DEV Community

James Moberg
James Moberg

Posted on

6 2

Convert Unicode Symbols & Punctuation to ASCII using ColdFusion/Java

symbolsToASCII is a ColdFusion UDF (user-defined function) to convert Unicode symbols and punctuation to ASCII7. I was previously using ConvertSpecialChars from CFLib, but it didn't include enough mapped characters.

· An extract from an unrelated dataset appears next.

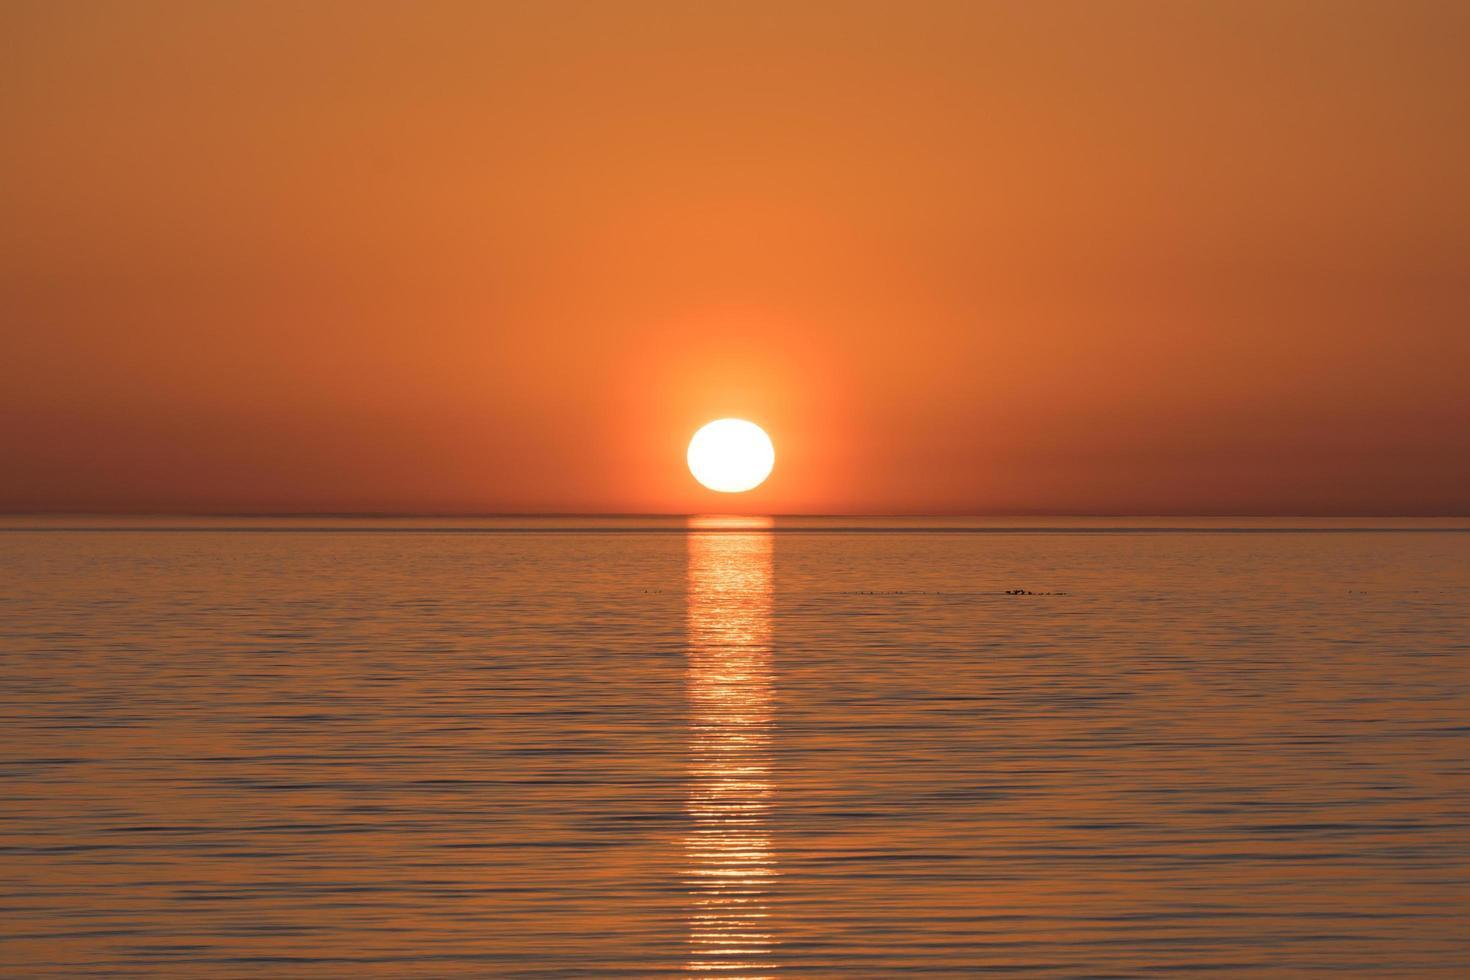 havslandskapets naturliga bakgrund foto

I found some documentation from NIH's Lexical Systems Group website that documented their approach to "Map Symbols & Punctuation to ASCII". They state that "converting Unicode punctuation and symbols to ASCII punctuation and symbols is imperative in NLP for preserving the original documents. Their java code implementation is simply "perform mapping if the character is in the punctuation & symbols mapping table".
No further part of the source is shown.